The National Association for Business Economics (NABE) has predicted a painfully slow recovery in the jobs market. Payrolls will increase by an average 150,000 persons per month through the first half  of 2011, then gradually increase to ~ 170,000 per month. These economists believe the jobless rate will be stuck at around 9.5% through much of 2011, before declining to 9.2% by the beginning of 2012.

More than half (55%) of all adults in the labor force have suffered a spell of unemployment, missed mortgage or rent payments, shrinking paychecks and shattered household budgets, according to a recent survey by the Pew Research Center's Social & Demographic Trends project. In another survey, Pew found that 62% of Americans have been forced to cut back on household spending.

For most of us, the Obama Recession has become very personal. Our kids and some of our neighbors are struggling to survive. No politician has come forward with a credible plan to get us out of this mess.

In the meantime, however, the Obama Administration is telling us it can fix America's economic problems by taking us all deeper into debt. In my opinion, that will only serve to make the unemployment situation worse. Apparently Obama, Pelosi and Reid either don't understand - or don't care - about one simple fact:  Our economy will not turn around until America gets back to work.

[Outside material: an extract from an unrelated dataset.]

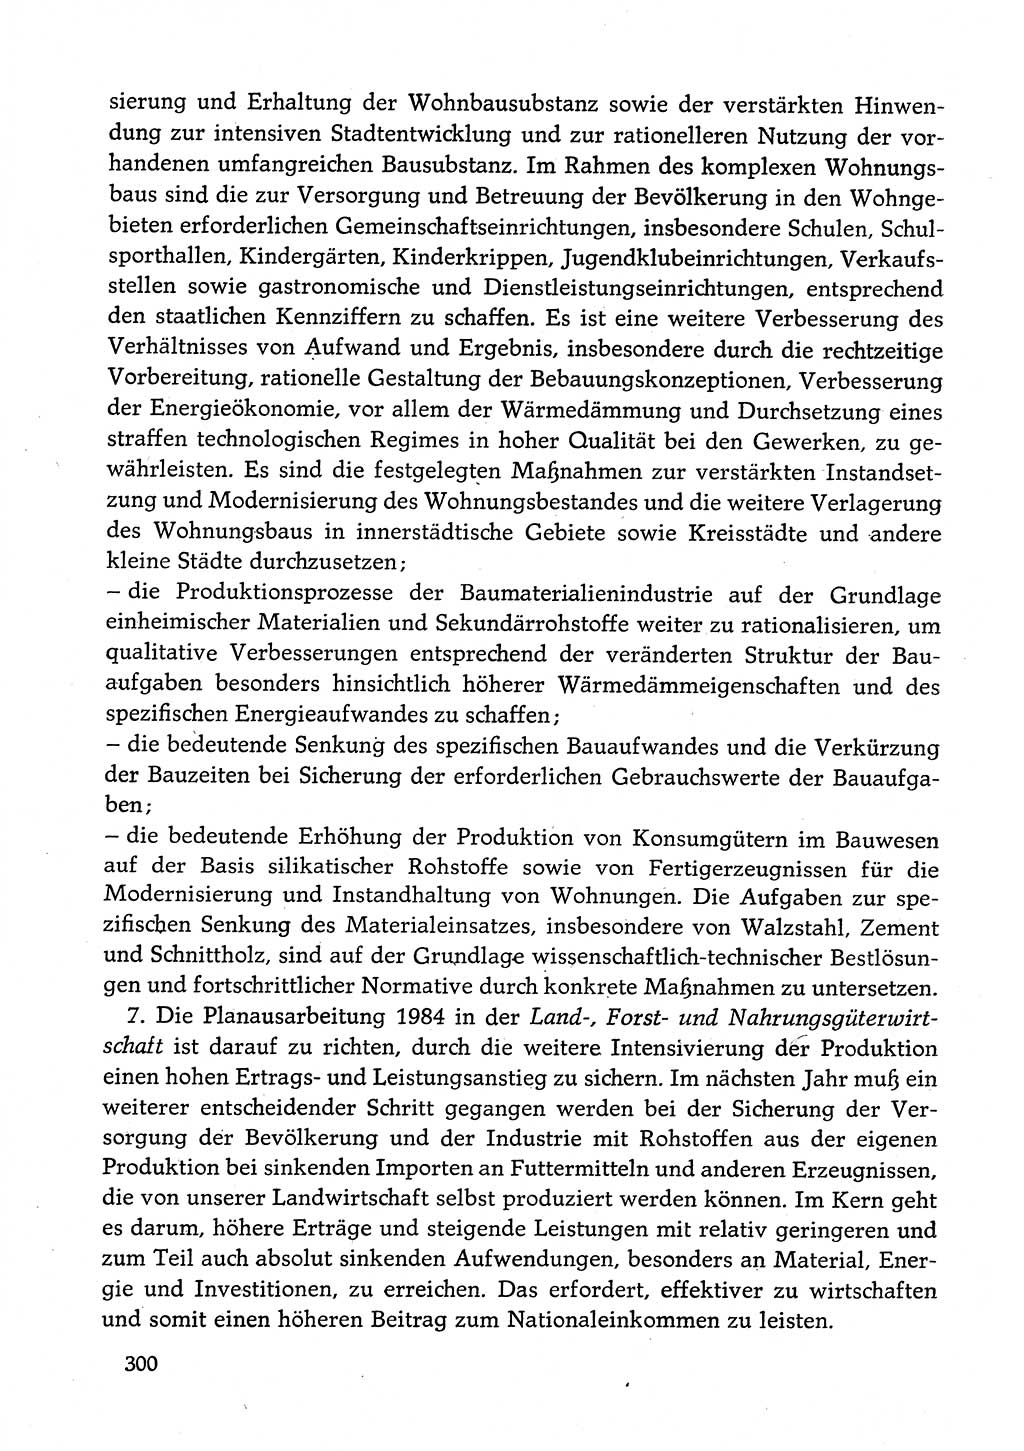 Dokumente der Sozialistischen Einheitspartei Deutschlands (SED) [Deutsche Demokratische Republik (DDR)] 1982-1983, Seite 300 (Dok. SED DDR 1982-1983, S. 300)

Look at the numbers. On October 8, 2010, the Bureau Of Labor Statistics (BLS) reported that the unemployment rate for August and September  was 9.6%. That's the number you hear on the radio and see on TV. That's the number politicians like to quote when they are trying to tell us everything is OK. But, the BLS also reported that a broader measure of unemployment, U-6, stood at 17.1%. That's up from 16.1% for September of 2009, and significantly higher than the often quoted base unemployment number.

Millions of Americans have dropped out of the labor force, or are counted as employed even though they have seen a reduction of income. We need a better measure of  income loss.

We can start with BLS statistics for September, 2010. You can find this data by reviewing the BLS tables shown in the parenthesis.

The unemployment rate is:

America has a civilian noninstitutional population, 16 or older, of: 238,322,000 (A-1)
The participation rate (people who want to work) is:  154,158,000 (A-1)
America's workforce as a percentage of civilian population is: 64.68%
The number of people who are actually employed is:  139,391,000 (A-1)
The number of employed divided by the total population is: 58.49%
The number of people in the workforce who are unemployed is: 14,767,000 (A-1)
And that yields an unemployment rate of: 9.58%

However, the BLS does not count people who have not looked for work in the prior 4 weeks as unemployed, even though they have looked for work in the prior 12 months. In a full employment economy, these people could find a job.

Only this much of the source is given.